While the above mentioned reports demonstrate the relevance of disrupting p21-PCNA interaction in cells, no report has ever addressed the relevance of the PCNA-p21 complex in cells. Here we report that endogenous p21 localizes at replication factories through PCNA binding, thereby avoiding DNA polymerase κ (Pol κ) to be recruited at replication factories. Surprisingly, in contradiction with its function as a negative regulator of CDKs, p21 facilitates S phase progression; that is p21 promotes nascent DNA elongation.The DNA replication defects caused by p21-depletion caused accumulation of replication stress markers, such as γH2AX and 53BP1, instability of common fragile sites and micronuclei (MN) accumulation. Interestingly, all the replication defects observed in p21-depleted cells were eliminated when Pol κ was depleted, and were also complemented by a p21 mutant with an intact PCNA binding domain and a disrupted CDK binding site. Collectively, our data demonstrate that, although expressed at low levels in S phase, p21 fine-tunes the dynamics of DNA replication by regulating Pol κ loading to replisomes. Therefore, while the CDKs/p21 interaction is crucial to the cellular response to DNA damage, the PCNA/p21 interaction prevents the accumulation of DNA-damage independent genomic instability in unstressed cycling cells.
Results
p21 localizes to replication factories in cycling cells
The limited amounts of p21 in cycling cells allow CDK-dependent cell cycle progression (Kreis et al., 2014). Indeed, p21 levels in cycling cells are not null and can be detected on EdU positive cells with p21 specific antibodies (Figure 1A and B) as reported recently (Coleman et al., 2015). Remarkably, while p21 levels are at the lowest in S phase (Figure 1—figure supplement 1A,B), they are sufficient to impair TLS-dependent DNA synthesis (Mansilla et al., 2013; Soria and Gottifredi, 2010) if not degraded after UV irradiation (Figure 1—figure supplement 1A, B). Notably, the function of p21 during unperturbed cell cycle progression remained unknown. A hint of such function was revealed by a Proximity ligation assay (PLA) which revealed a chromatin bound PCNA/p21 interaction in cycling cells. Such complexes resisted a mild extraction with CSK buffer which removes proteins unbound to chromatin (Figure 1C–D). Consistent with our previous findings, the percentage of cells with PLA spots was reduced by UV irradiation and PLA spots were not detected upon p21 depletion (Figure 1C–D). In agreement, endogenous p21 colocalized with PCNA (Figure 1E and F) and EdU-labelled replication factories (Figure 1—figure supplement 1C). The colocalization of p21 and GFP-PCNA became more evident following removal of proteins unbound to chromatin (Figure 1—figure supplement 2A). We next evaluated the requirement of the p21 PIR region for p21-PCNA colocalization. To this end, we transfected cells with either p21 or p21PIPMut*, bearing an intact or a disrupted PIR, respectively (Mansilla et al., 2013; Soria et al., 2008). The disruption of the CDK-binding site by point mutations in both constructs (Mansilla et al., 2013; Soria et al., 2006, 2008), prevented the arrest outside S phase expected after p21 overexpression (Figure 1—figure supplement 2B,C). Similar to endogenous p21, overexpressed p21 localized to replication factories (Figure 1G and Figure 1—figure supplement 3A,B). However, p21PIPMut* lost its ability to form foci at replication factories (Figure 1H and Figure 1—figure supplement 3C), did not colocalize with PCNA (Figure 1—figure supplement 3C) and showed reduced chromatin retention (Figure 1—figure supplement 3D and E). Hence, the PIR of p21 is required for the localization of p21 to replication factories in cycling cells.

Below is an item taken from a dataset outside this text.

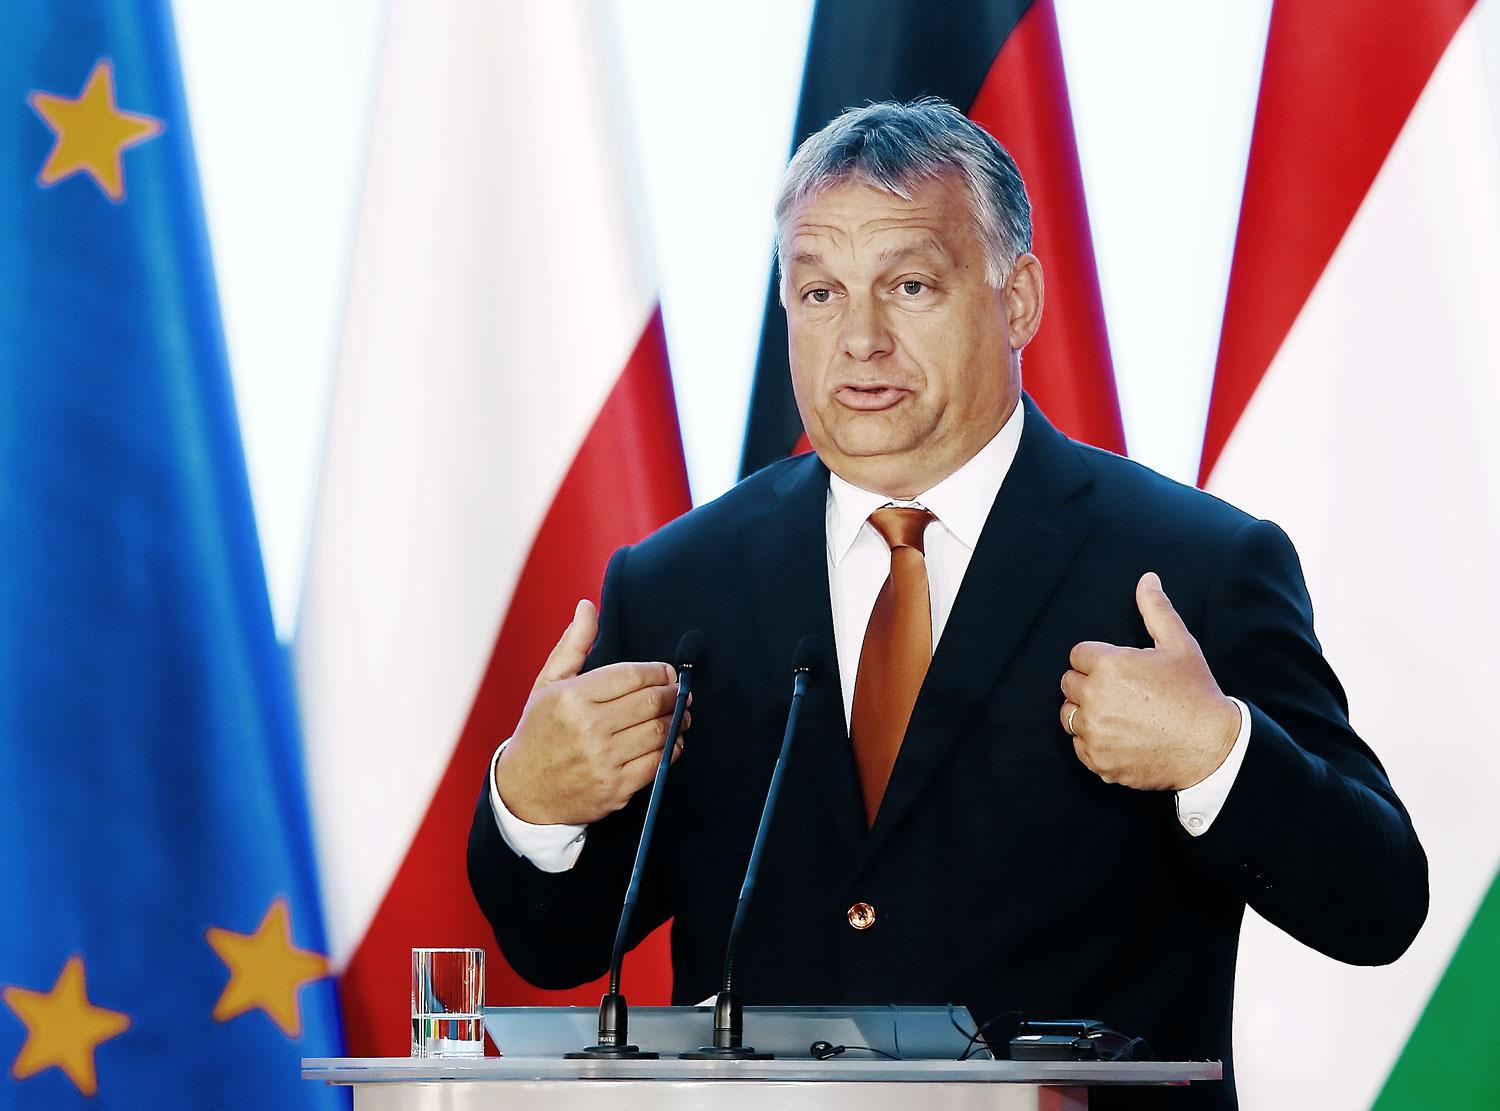 Reménytelennek látszó harc is hozhat politikai népszerűséget Orbán számára
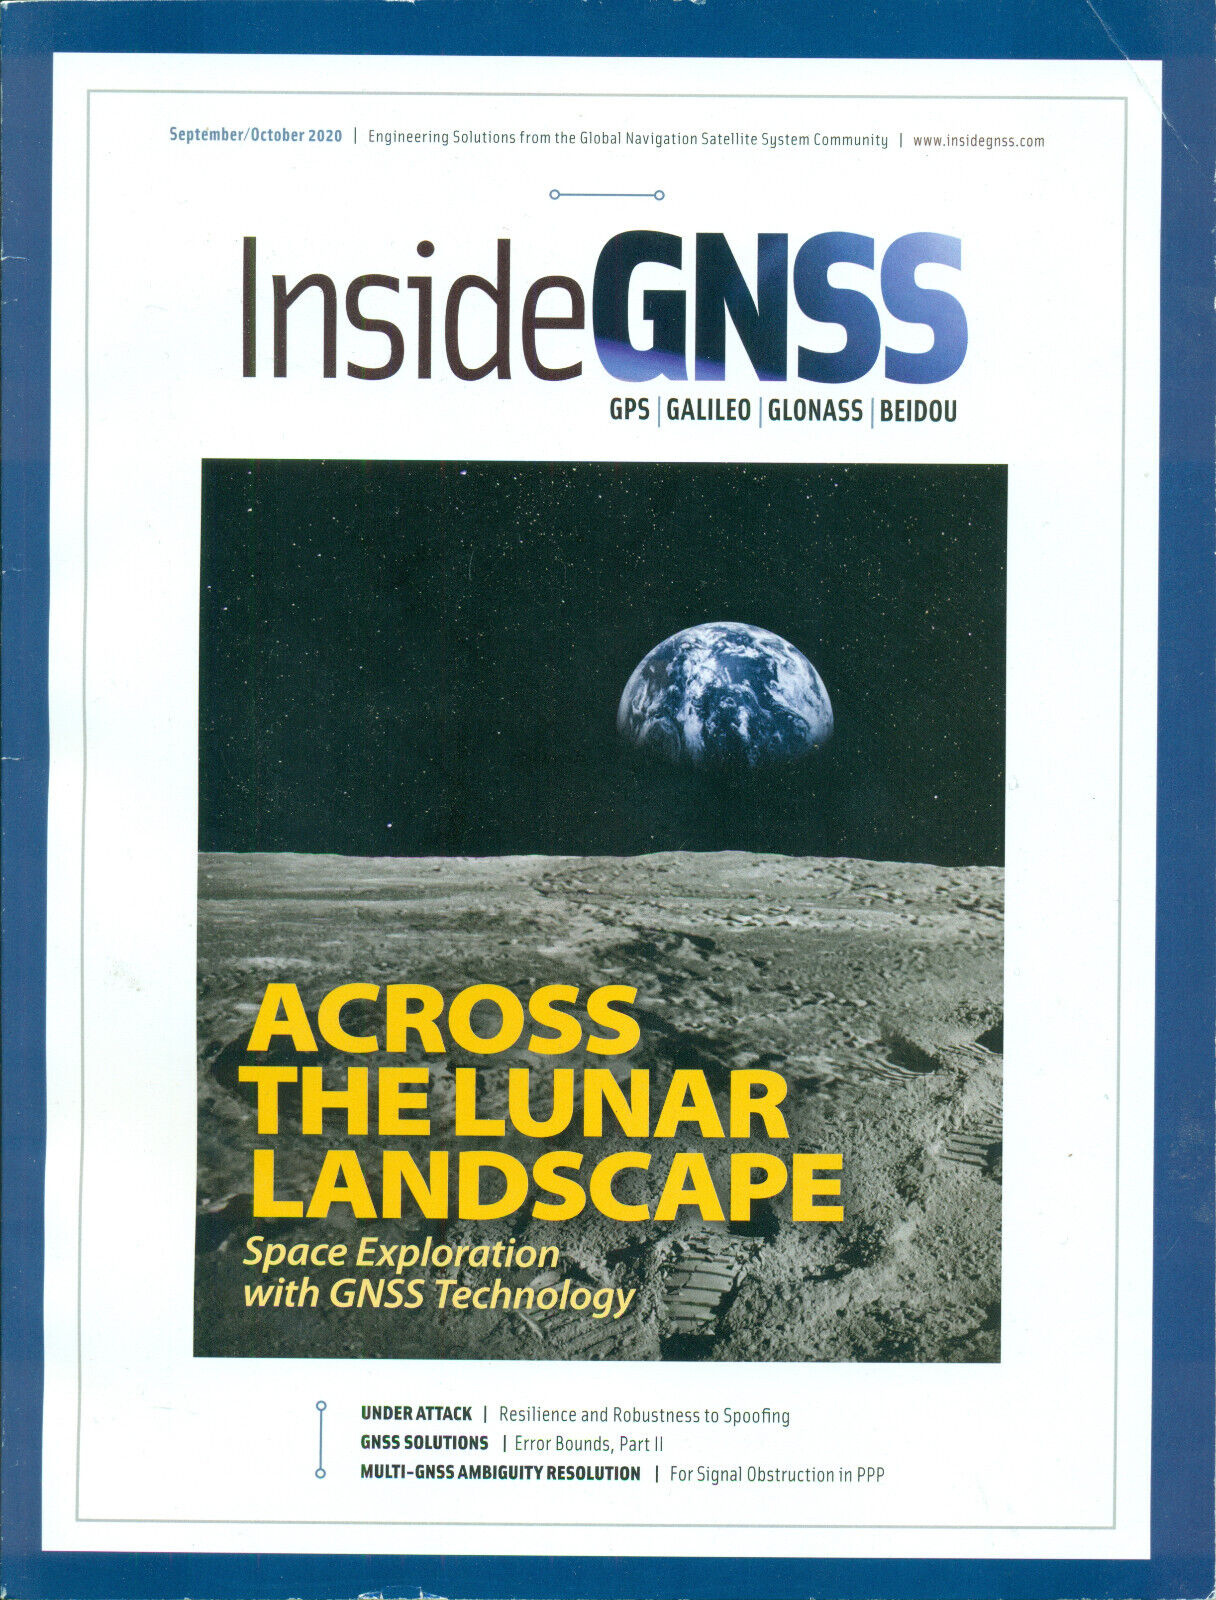 Insidegnss - 2020 Sep/oct: Gps/galilieo/glonas/beidou/satellite/navigation/space

Endogenous p21 preserves DNA replication homeostasis in cycling cells
On the basis of the localization of p21 to replication factories, we speculated that p21 could regulate the DNA replication dynamics during S phase. To test this hypothesis, we used p21-depleted U2OS osteosarcoma cells (Figure 2A). The number of cells positive for EdU and with PCNA bound to chromatin increased after p21 depletion (Figure 2B and C). An enrichment in PCNA focal distribution corresponding to mid-to-late S phase (Essers et al., 2005; Rey et al., 2009), was found in p21-depleted samples (Figure 2D) which suggested a defect intrinsic to S phase and independent from the G1/S transition.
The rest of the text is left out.